> **PROBLEM TO SOLVE**
Copy the lines below, word for word, from the first through the line containing "Angelina Jolie szaleje". Leave the pictures out.

> **DATA SECTION**

━━━━━━━━━━━━━━━━

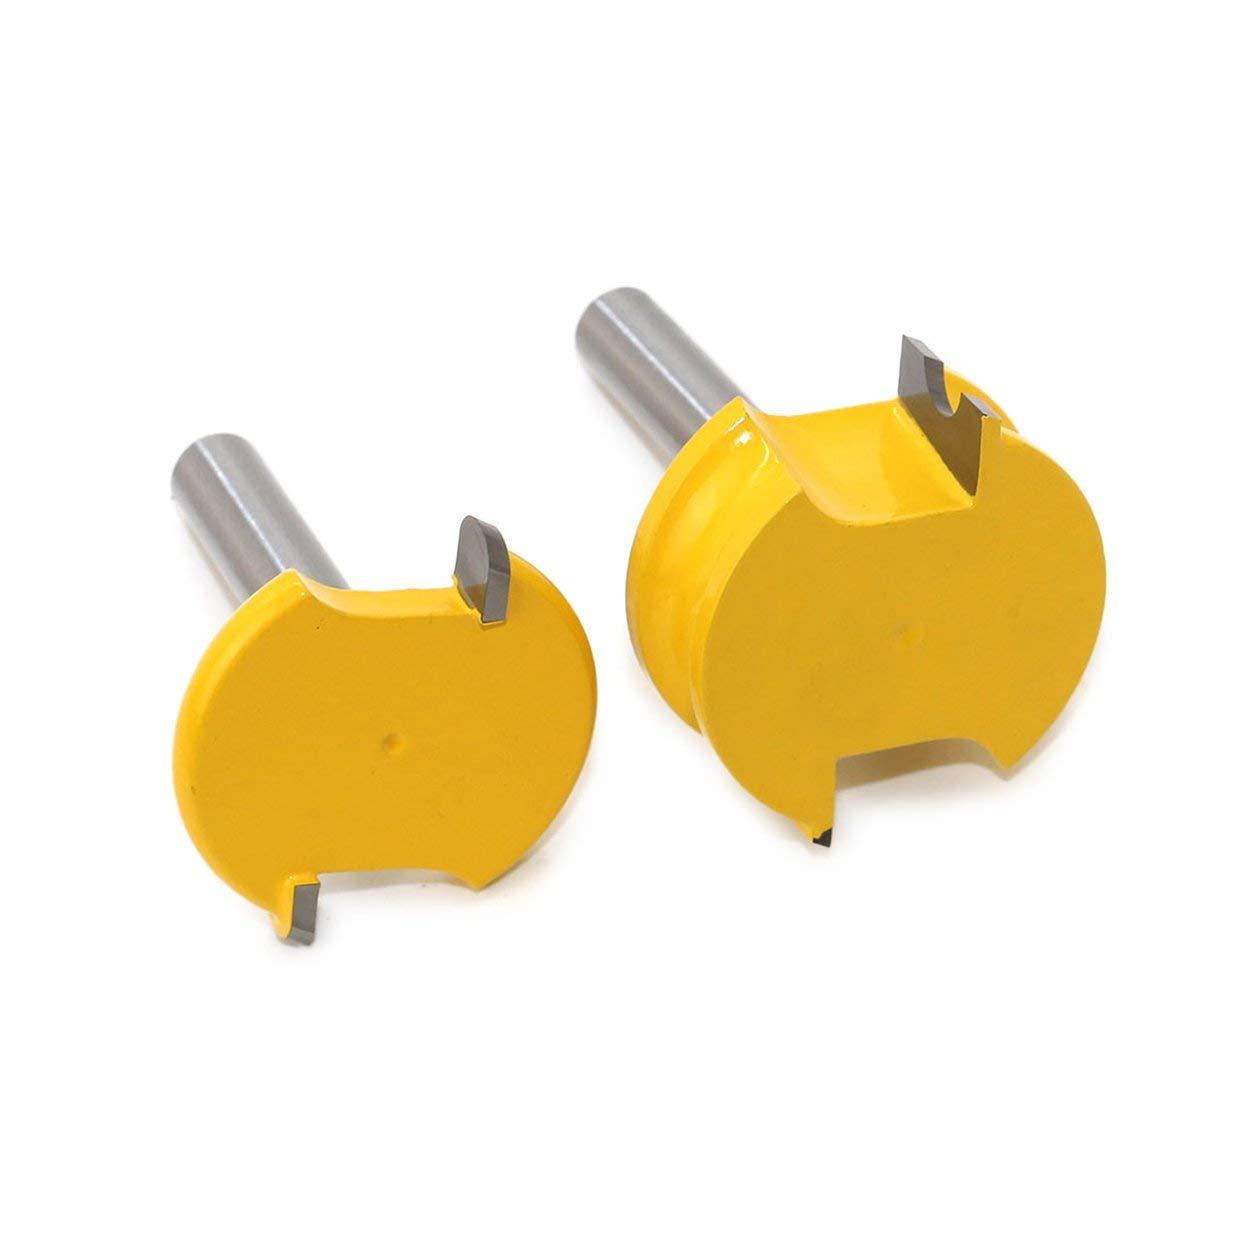 2 ST/ÜCKE 8 MM Schaft Kanu Fl/öte und Perle Fr/äser Set Holzschneider Holz Zapfen Fr/äser Bits Werkzeuge-Gelb /& Silber
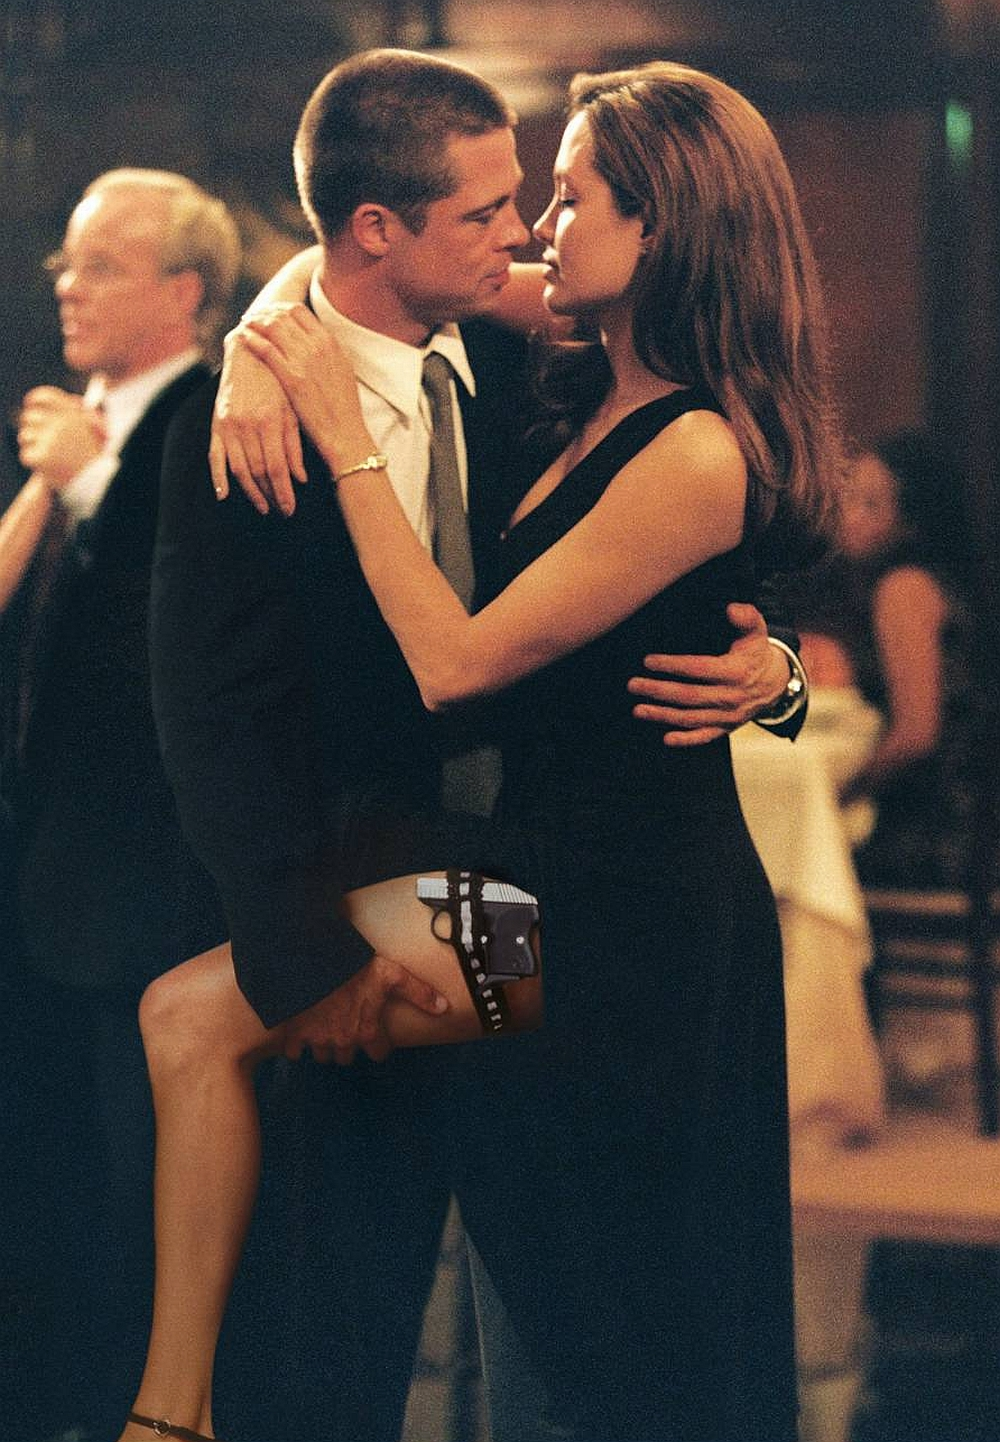 Angelina Jolie szaleje przed sądem! Brad Pitt zafundował jej ból nie do zniesienia! Z ust gwiazdy padły mocne słowa zdjecie 1
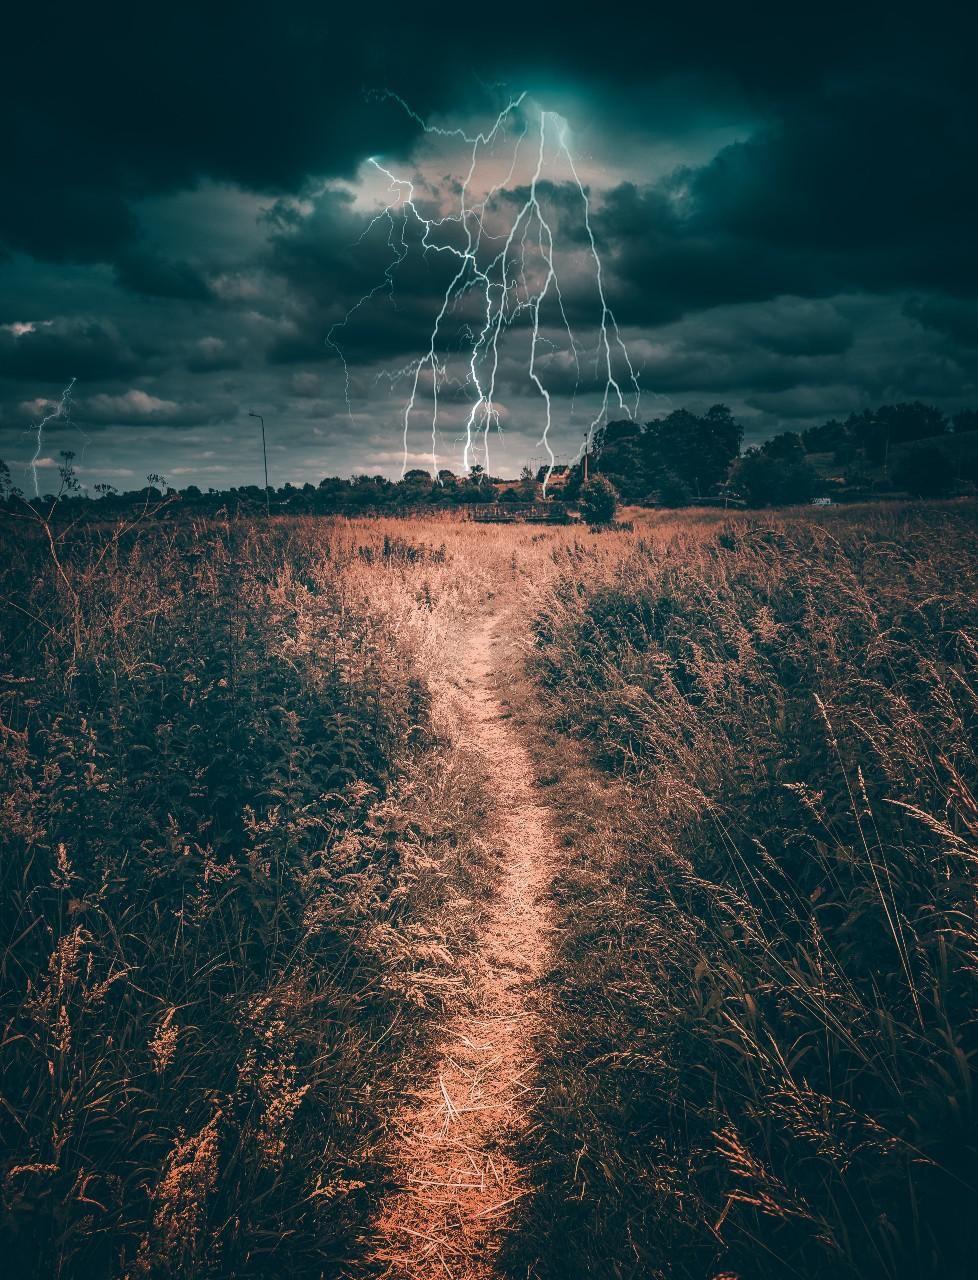 Írországi felvétel villámlásról, illusztráció.

━━━━━━━━━━━━━━━━

> **YOUR RESPONSE**
 2 ST/ÜCKE 8 MM Schaft Kanu Fl/öte und Perle Fr/äser Set Holzschneider Holz Zapfen Fr/äser Bits Werkzeuge-Gelb /& Silber
 Angelina Jolie szaleje przed sądem! Brad Pitt zafundował jej ból nie do zniesienia! Z ust gwiazdy padły mocne słowa zdjecie 1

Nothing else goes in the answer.